Problem => Reproduce the listing below character for character; drop every image.

Source data =>
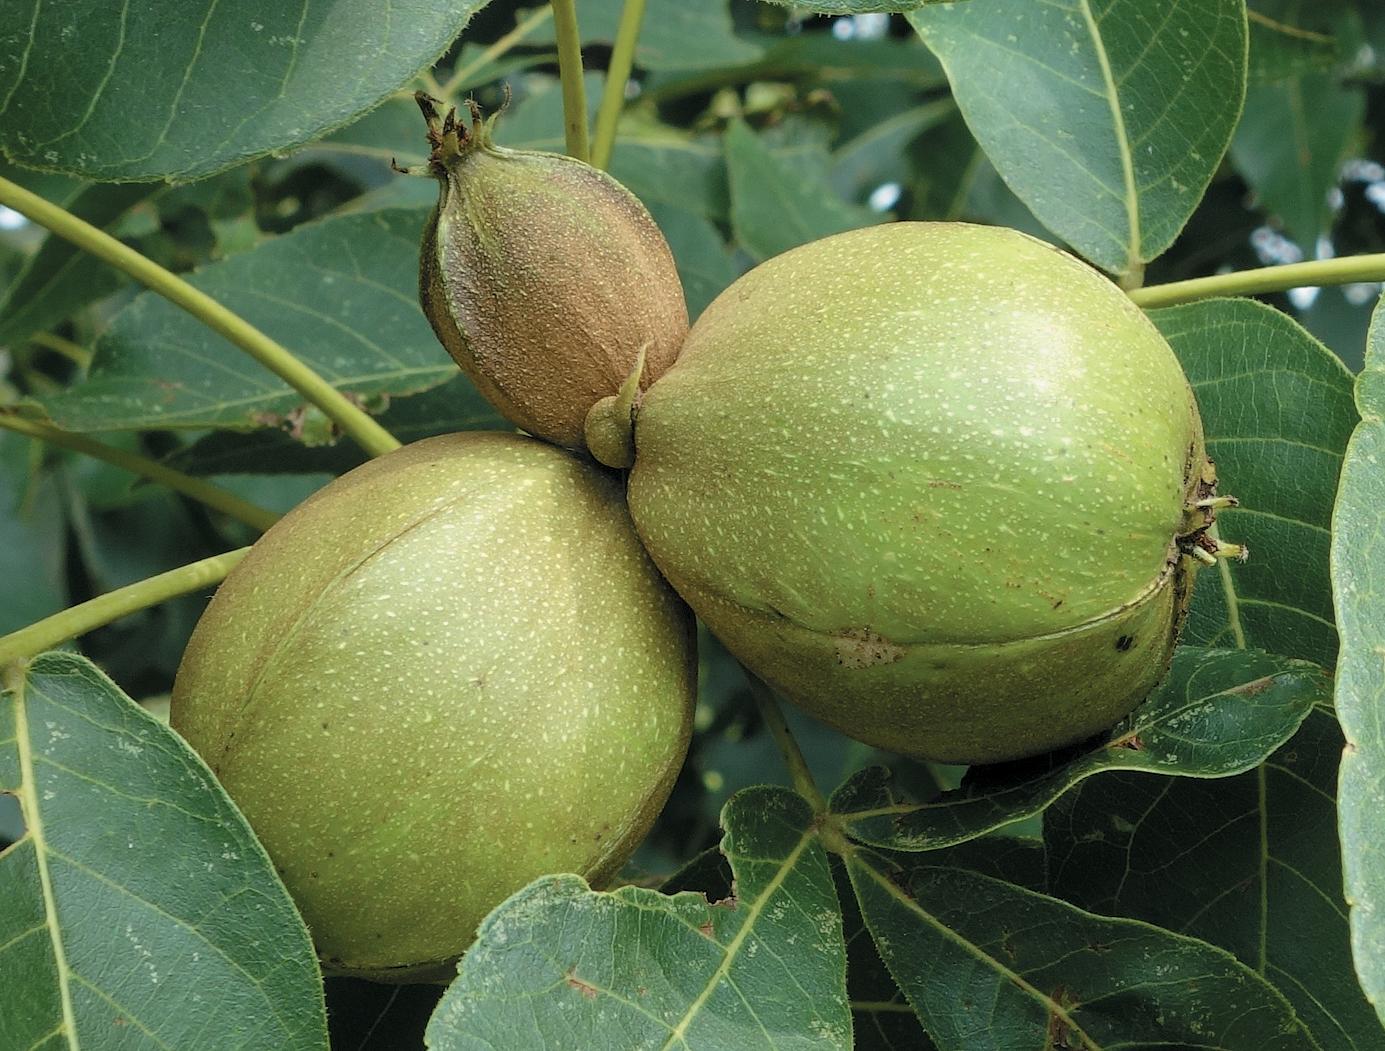 Hickory fruit against green leaves
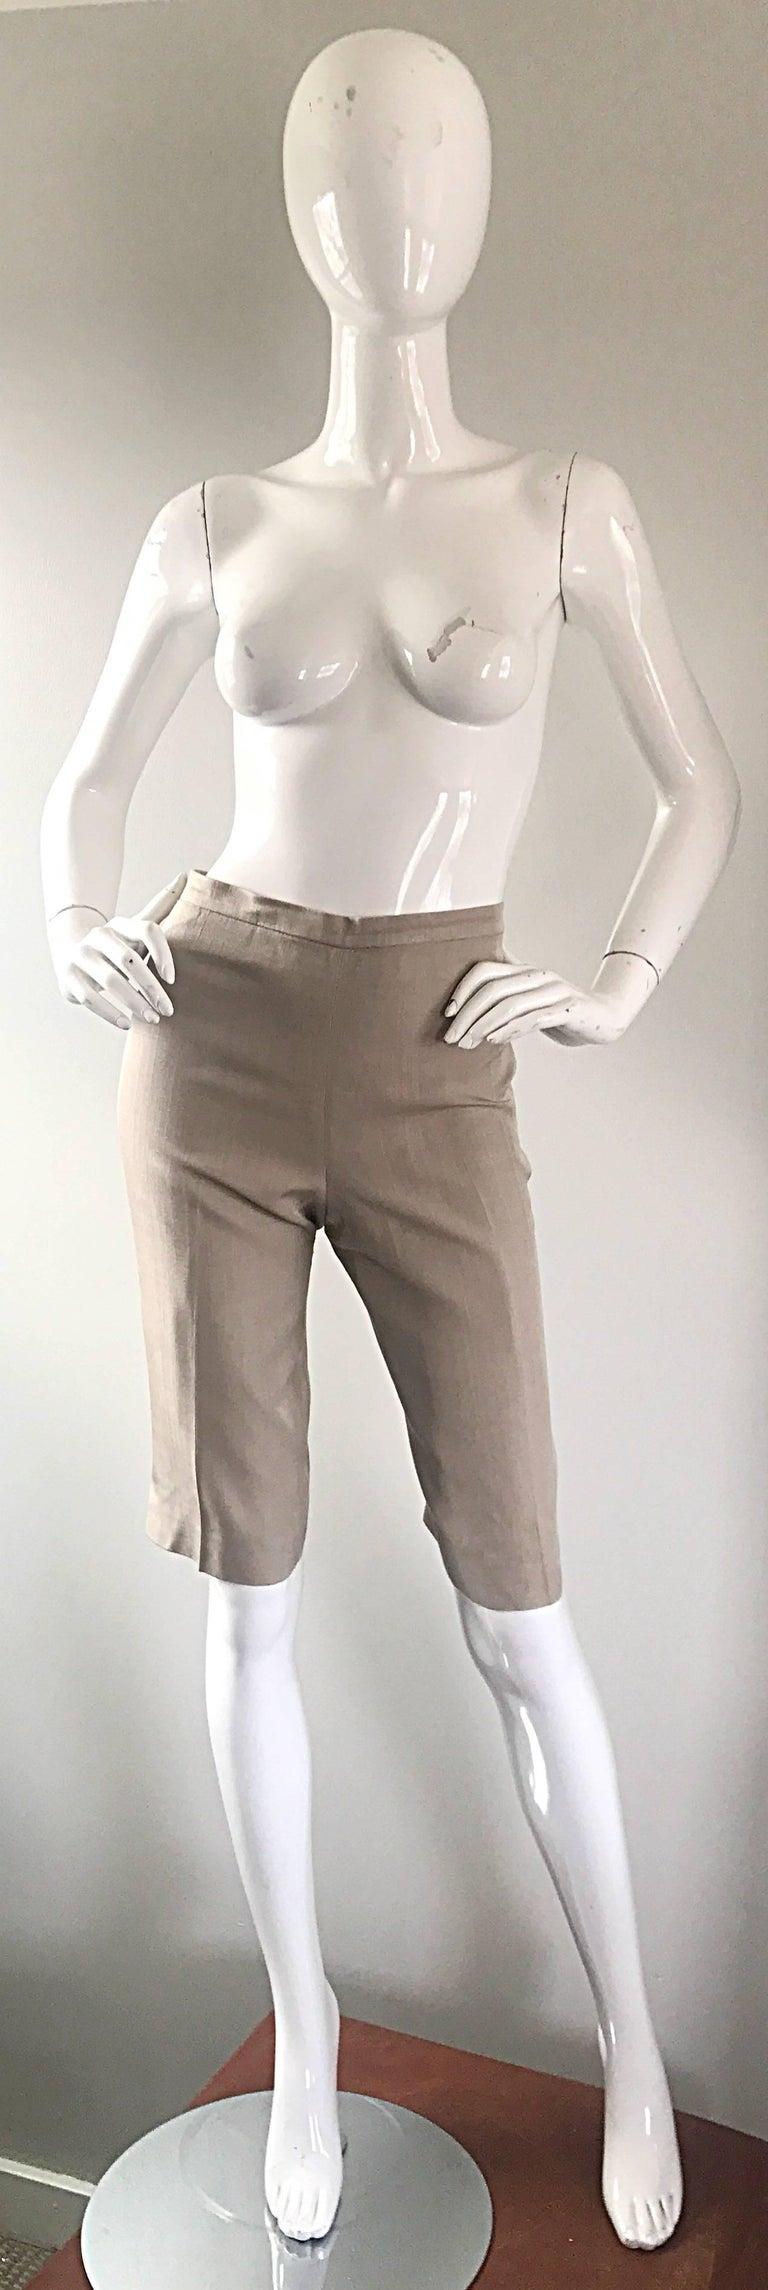 Vintage Michael Kors Collection 1990s Khaki Silk Cropped Capri Pants Shorts Sz 6 9
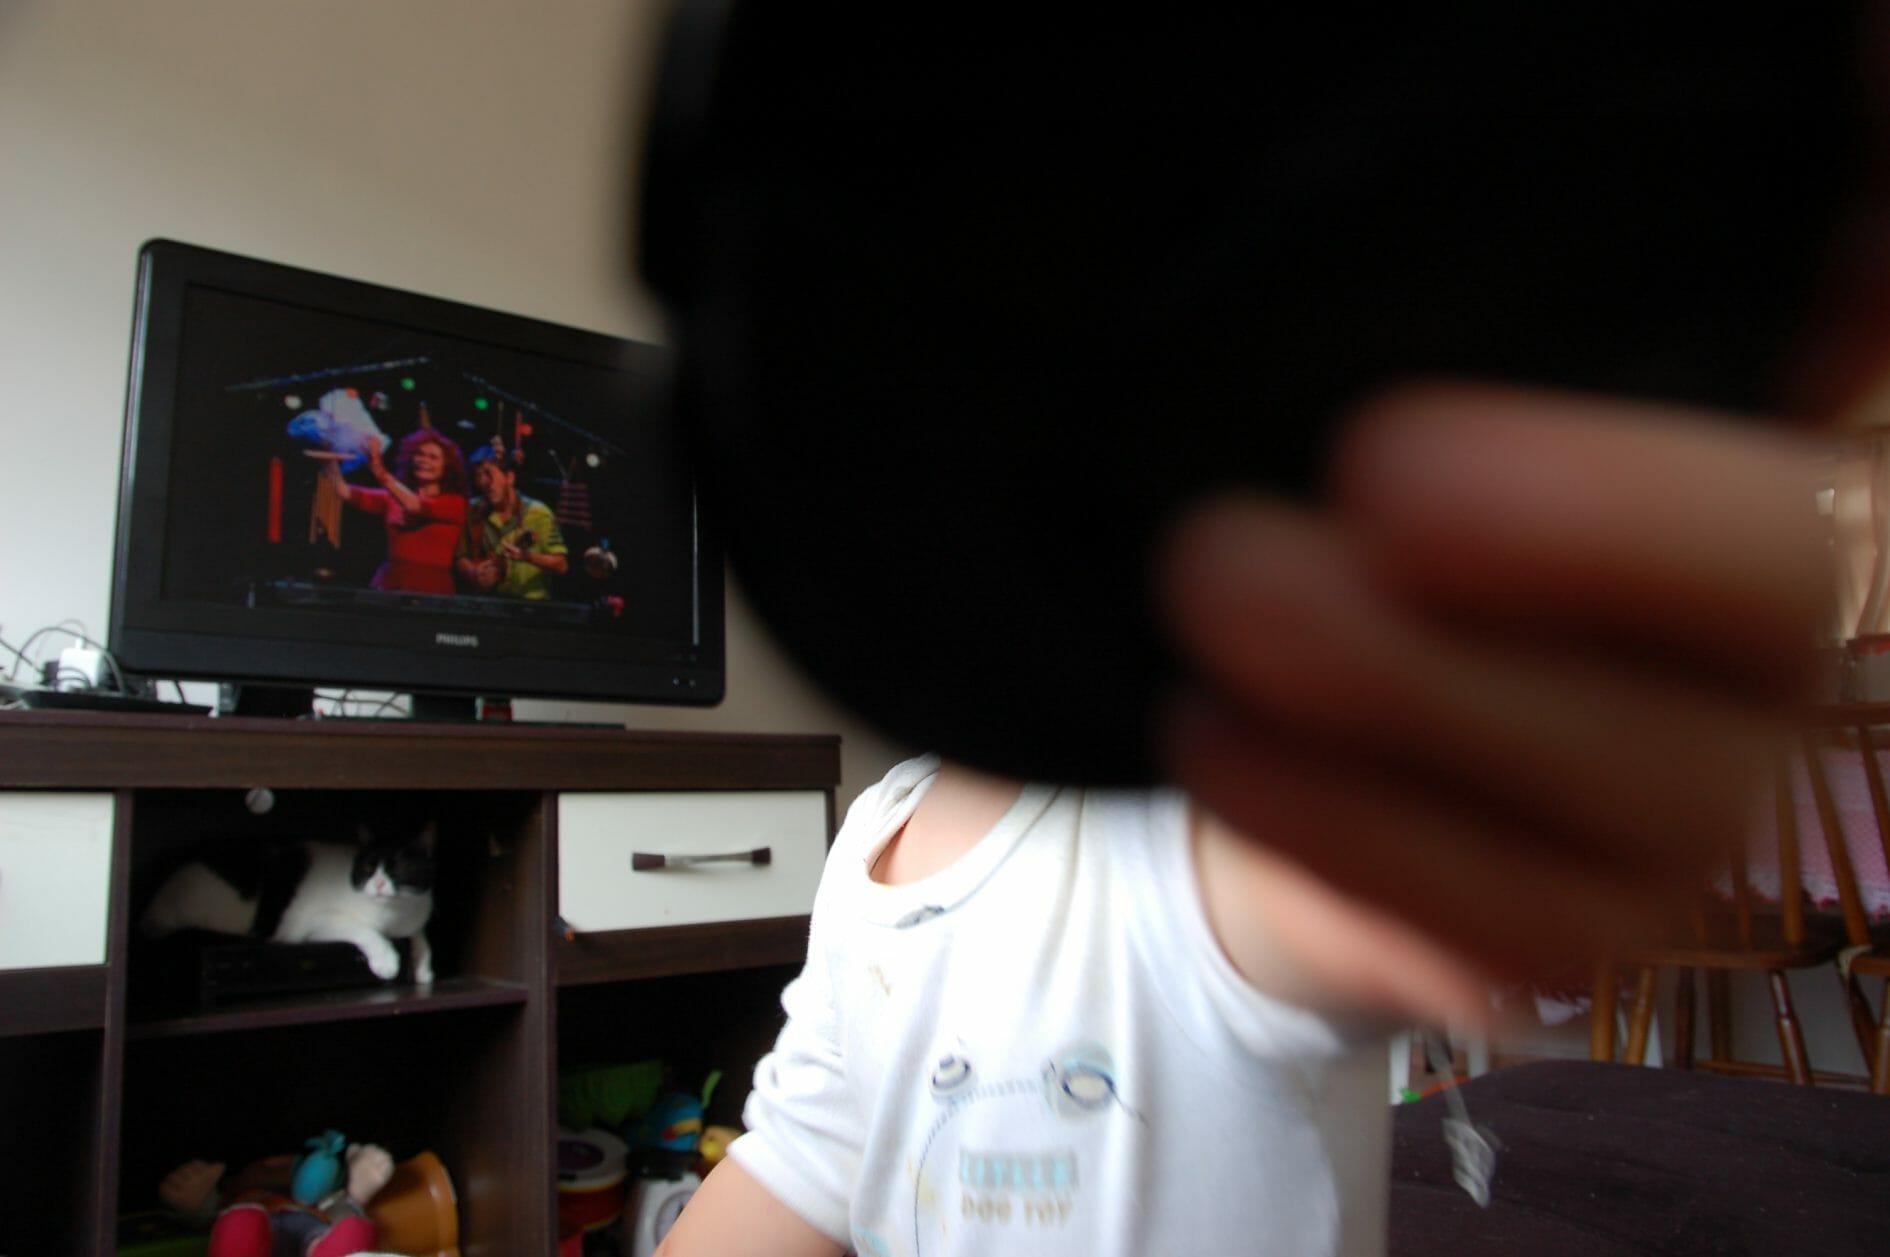 como substituimos a tv convencional por youtube

Result =>
 Hickory fruit against green leaves
 Vintage Michael Kors Collection 1990s Khaki Silk Cropped Capri Pants Shorts Sz 6 9
 como substituimos a tv convencional por youtube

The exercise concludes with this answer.